How to detect UK conflicts

Detecting UK conflicts is the key to achieving a concurrent model that perceives UK conflicts. Issues to consider when implementing UK conflict detection include:

  • The situation of use unique composite key
  • The situation where multiple UK constraints are present.

Overall, the execution steps of UK detection in the UK can be summarized as follows:

  1. Load the schema metadata of tables associated with data and obtain key UK constraint information. It is necessary to cache schema information and ensure consistency here.
  2. Traverse all UK constraints, each of which specifies a set of columns called U for the UK column. For data that needs to be written to the other end, detect the values of columns in set U among them. If there are cases where identical values exist, it is considered a conflict detection.
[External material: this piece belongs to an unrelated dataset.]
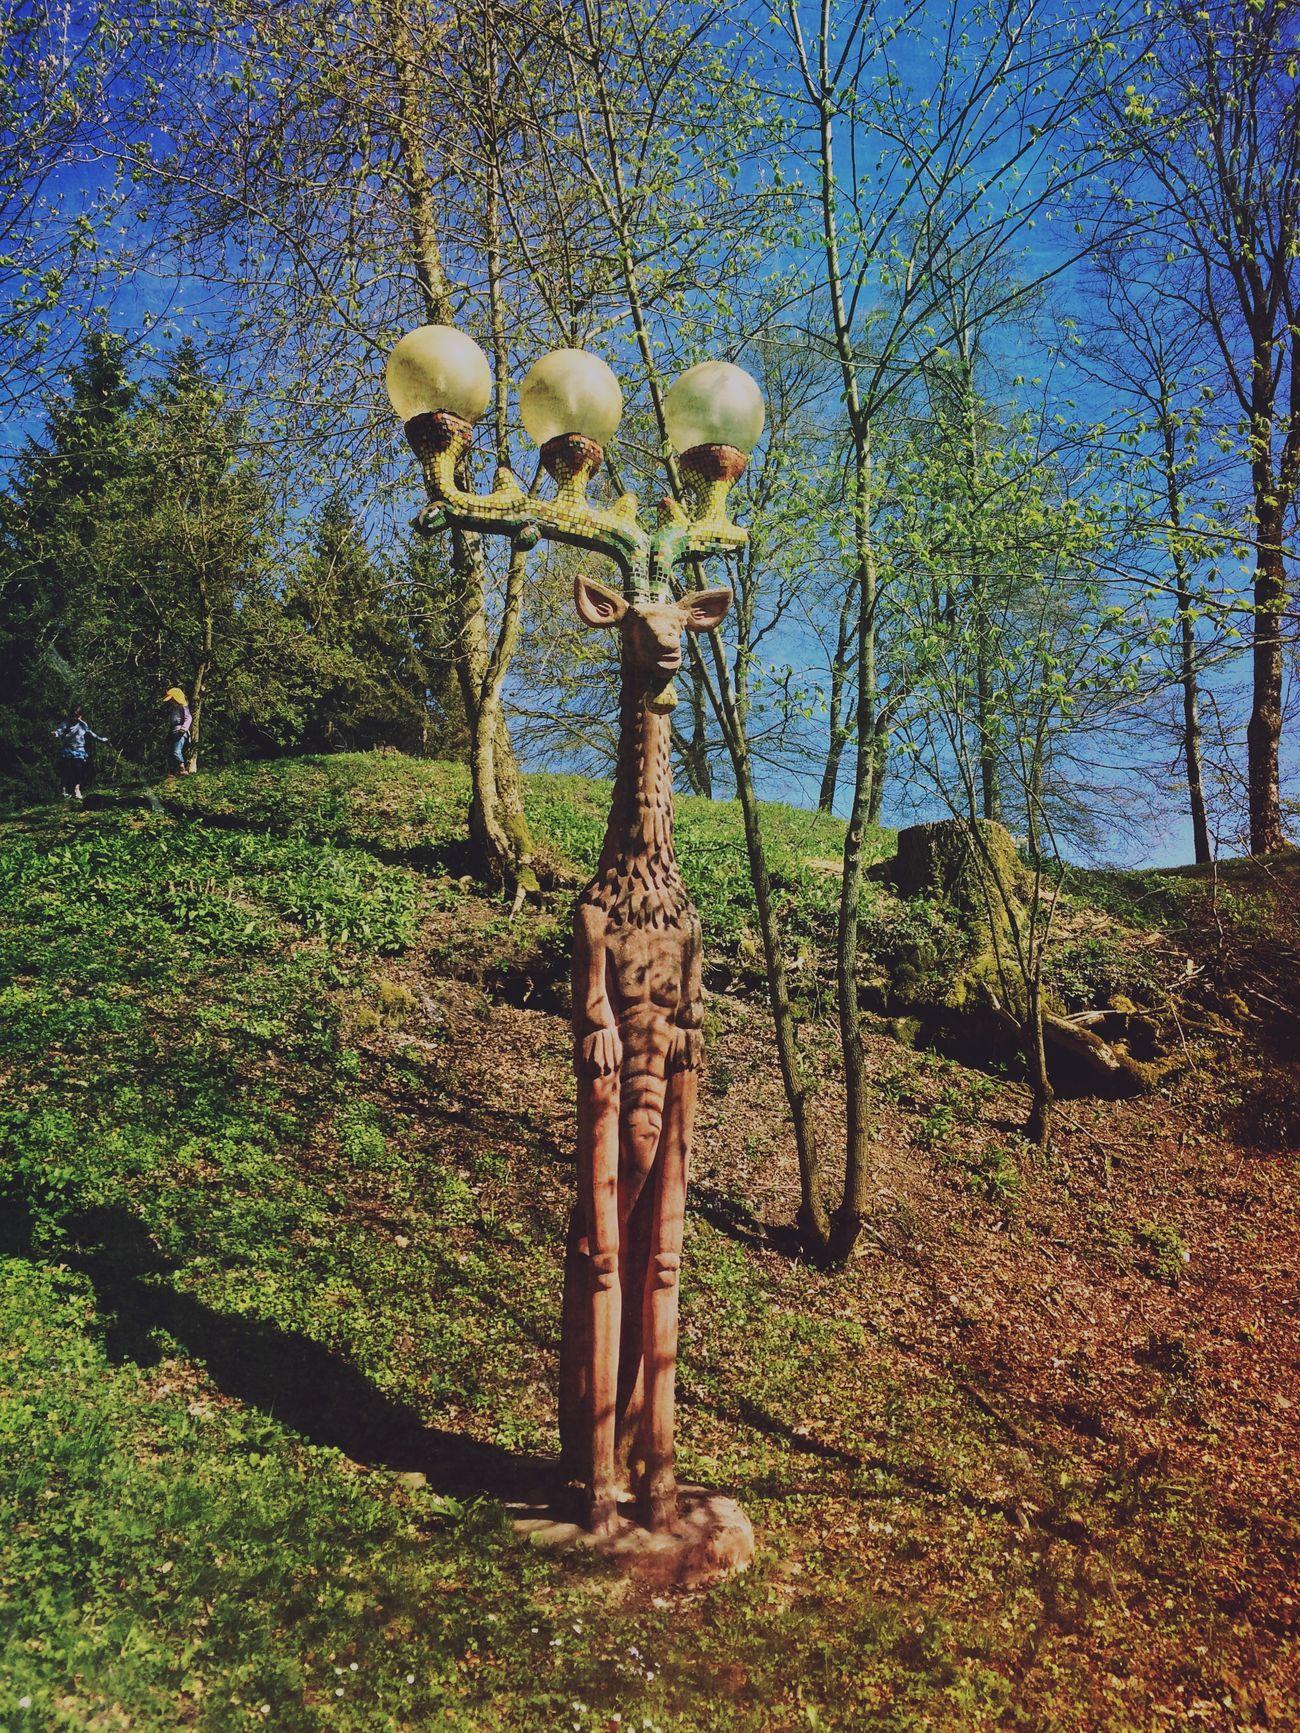 Three bulbs Mexturesapp EyeEm Nature Lover Nature_collection EyeEmSwiss ArtWork Lamp Streamzoofamily

Put other rows with PK values corresponding to these rows into a conflict queue for subsequent secondary partitioning. Note that during the entire traversal process of UK, when detecting conflicting rows put into a conflict queue, it is still necessary to maintain order and ensure that it does not change the original execution sequence.

Summary

Real-time synchronization of online data is a very important issue when it comes to achieving high-performance writing while perceiving constraint conflicts. Similar problems include how to avoid performance degradation caused by constraint conflicts when encountering PK constraint conflicts. We will share relevant content on this topic in the future.